Reimbursement Amount to Contractors Increases; Underscores Need for Congressional Action

Press Release April 24, 2012

Washington, D.C.— An increase to $763,029 of the maximum reimbursement to government contractors for executive compensation underscores the immediate need for Congress to scrap the current federal mandate and install sensible limits on reimbursement rates sought by the Obama administration and the National Treasury Employees Union (NTEU), said NTEU President Colleen M. Kelley.

“There is absolutely no reason that taxpayers should fund government reimbursements for private contractor salaries that are more than three times higher than the pay of Cabinet secretaries,” said President Kelley.

The NTEU leader expressed that view in the wake of action by the Office of Federal Procurement Policy (OFPP) raising the maximum reimbursement for the top five executives of private companies performing government work under cost-based contracts. The increase is some $70,000 over the previous maximum of $693,951. OFPP is part of the Office of Management and Budget.

Contractors may pay their employees any amount they wish, but the government sets a cap—under a formula enacted into law in 1997—it will reimburse a contractor for its top five executives.

“This so-called ‘executive compensation benchmark’ is based on a survey of compensation—including salaries, bonuses, restricted stock and deferred and performance incentives—that has nothing to do with the value delivered to taxpayers,” Kelley said.

In congressional testimony earlier this spring, the NTEU leader called for sensible caps on contractor reimbursements, and expressed support for pending House legislation introduced by Rep. Paul Tonko (D-NY) that would set the limit at $200,000. Such a move, which mirrors the level proposed by President Obama, could save the government $50 billion over 10 years.

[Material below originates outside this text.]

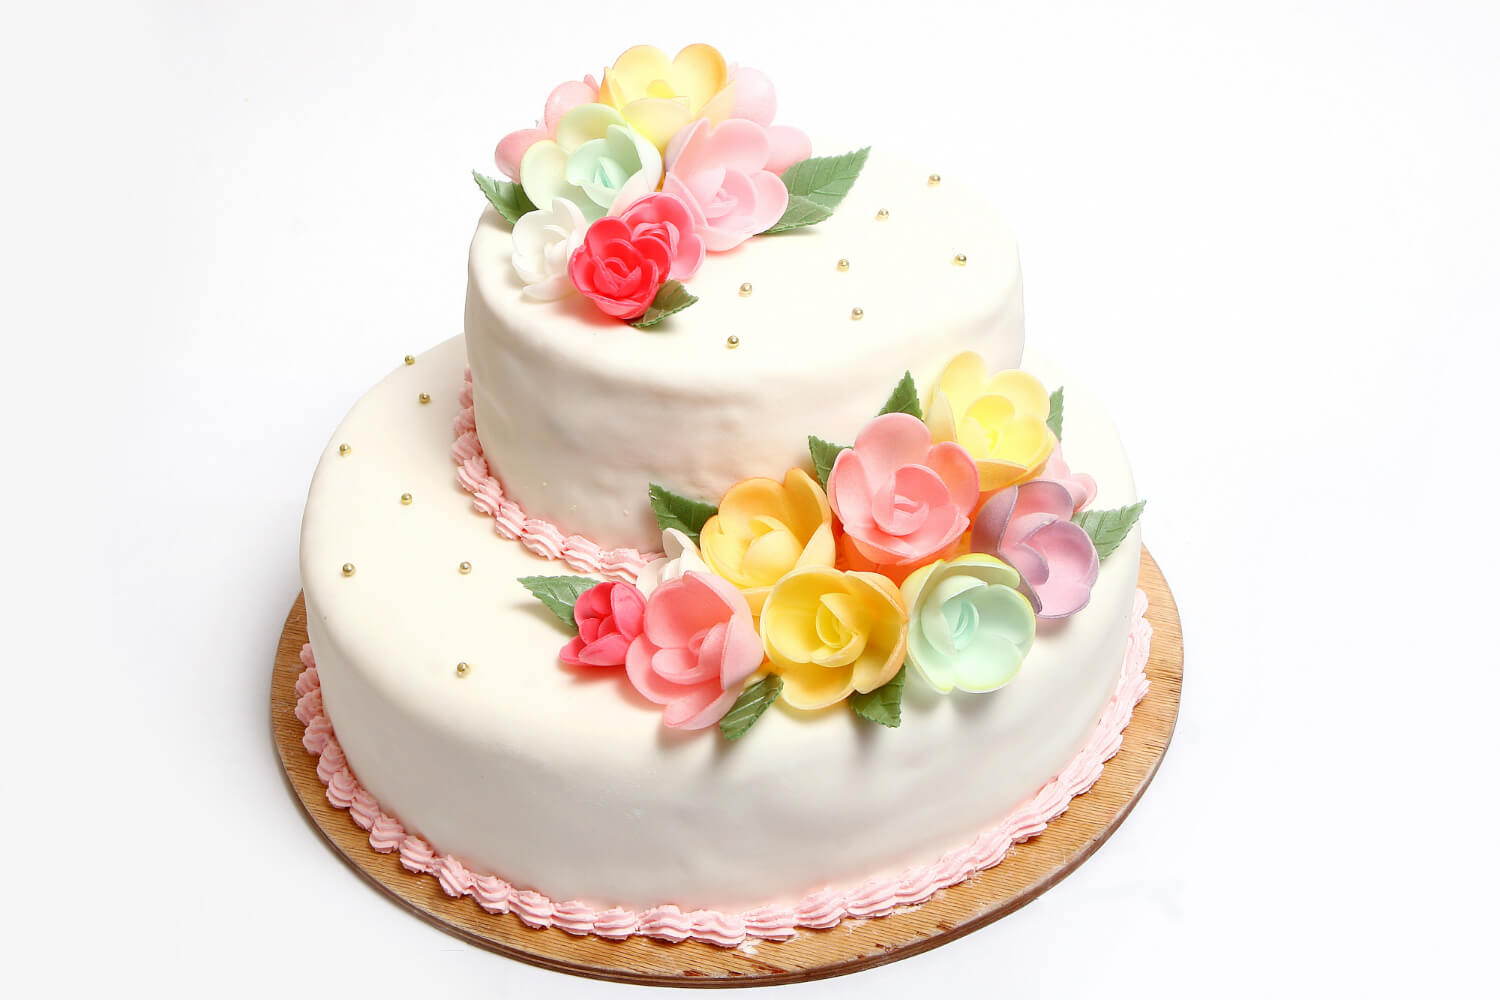 Some Theme cakes are Listed Availing in Cake delivery in Hyderabad

NTEU has long sought less federal dependence on private contractors, repeatedly warning that an overreliance carries the very serious risk of eroding the capabilities of federal agencies to the point where they cannot effectively perform their missions.

That is particularly dangerous, President Kelley has said, when it comes to the performance of inherently governmental work by unaccountable private contractors. “All such inherently governmental work, and work closely associated with it, should remain—or be brought back into—the hands of trained, accountable federal workers,” she said.

A companion legislative proposal in the Senate, introduced by Sen. Barbara Boxer (D-Calif.) and Sen. Charles Grassley (R-Iowa), would reduce the contractor reimbursement cap to $400,000, the level of the salary paid to the president.

NTEU is the nation’s largest independent union of federal workers, representing 150,000 employees in 31 agencies and departments.